Thanks to Kujonai and Tim i started out on the road to complex algebras, and indeed the process algebra by investigating sign and polysigns. My take on them was they were unary operators that rotated axes, and that took me to De Moivre and the roots of unity, the children of Shunya, yoked yet dynamic and free. I little suspected that this would lead to Grassmann and to Euclid, and finally to Dirac, who let the children of Shunya be named positrons and electrons. This yoked pair is the nearest we have got to the fundaments of Shuny,. the intestines and guts of our very visceral universe.(or if you prefer, the beating heart of it).
And of course quaternions ae their extended family of relations.

I identified the problem with sign, as being a procedural call itself a member of the roots of unity. but the symbol obscured this, and the conventions hid this and encouraged one big difficulty, which i why the triples could not be found satisfactorily, and why √-1 ws such a problem after the introduction of the negative or misfortunate numbers.

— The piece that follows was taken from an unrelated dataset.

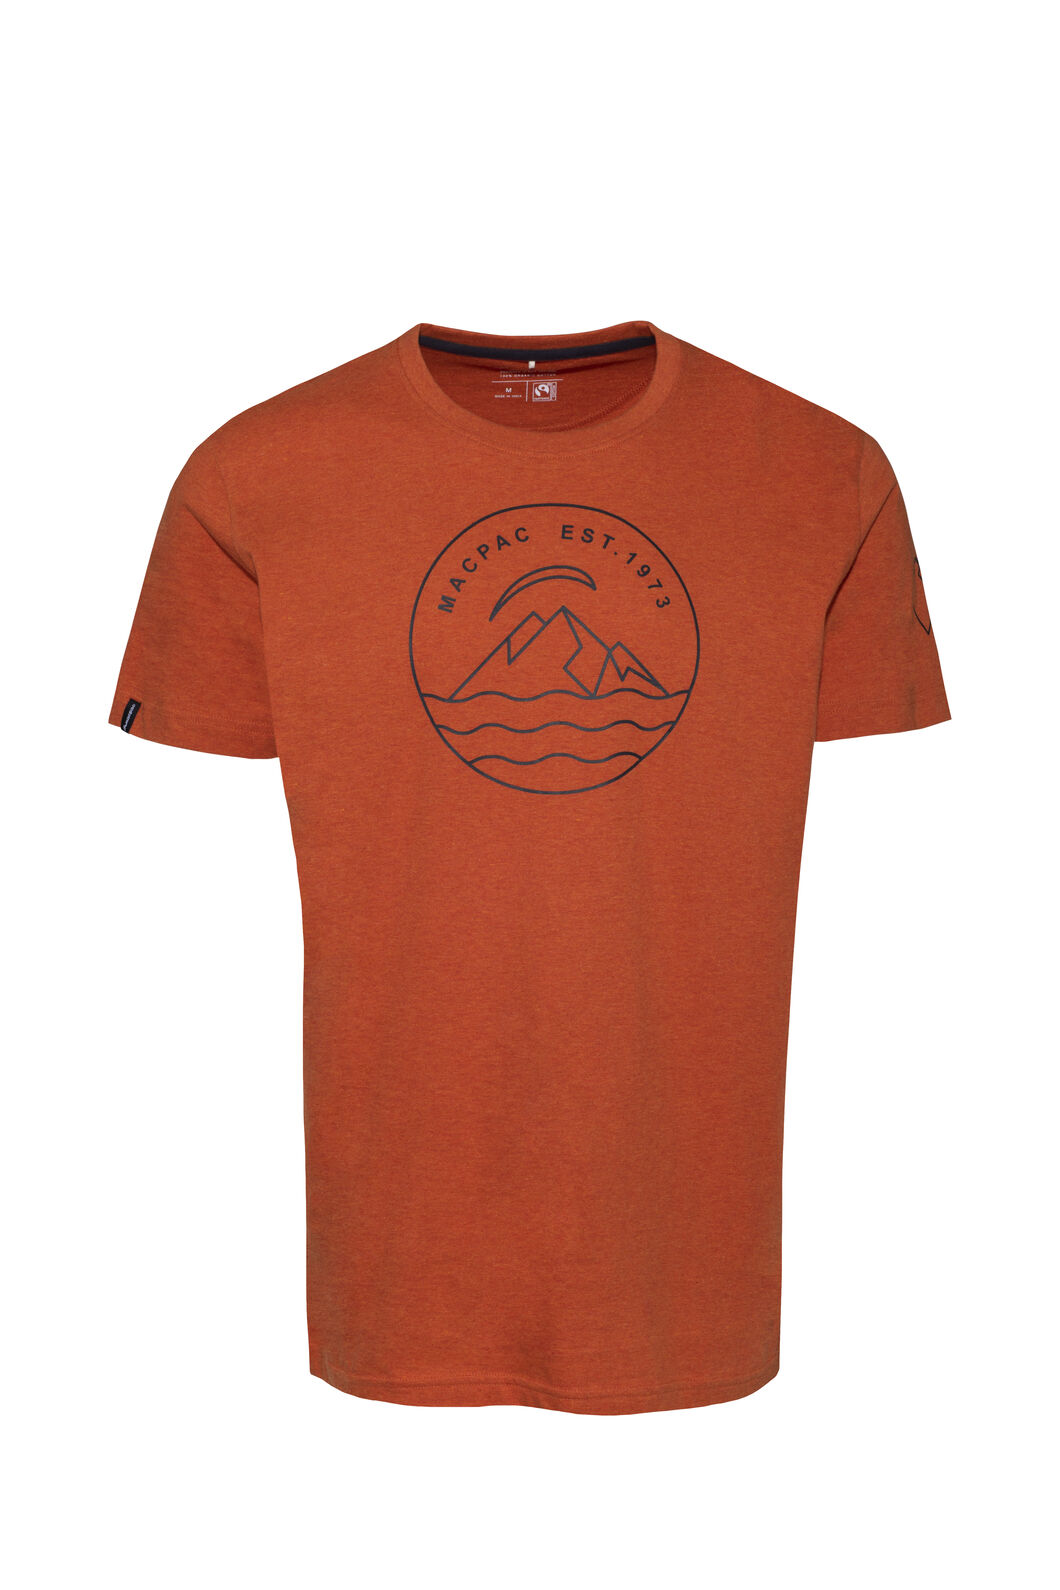 Macpac EST 1973 Fairtrade Organic Cotton Tee — Men's, Burnt Orange, hi-res

None of this is Brahmagupta's or Bombelli"s fault. the problem lies in gluing together relations that ought not to be glued.

We all intuitively know that contra and opposite require a rotation through pi. This is why a mirror image is so profoundly odd. it represents stack upon stack of these rotations through a common centre, but we are used to thinking of a synchronous rotation about one common centre. Because objects are more or less in fixed relationships within themselves, these internal constraints mean the body rotates as a whole, but a mirroe image is built up of billions of photons that are reflected at a surface, or absorbed and retransmitted, which subjectively appear to be coming from behind the mirror. The reflection constitutes a rotation at a point, and these point rotations are not bound by the internal constraints within the light source, which is the object emitting light to the mirror. These photons do not have to rotate as if they are constrained, they only have to rotate by the reflection or refraction laws. Thus these reflections through a "point" or rotations at a "point" are subjectively processed as coming from behind the mirror, and this pofoundly alters the whole set of relationships in the reflected image. A mirror image is a totally constructed image by the image processing centre in the subjective processing centre.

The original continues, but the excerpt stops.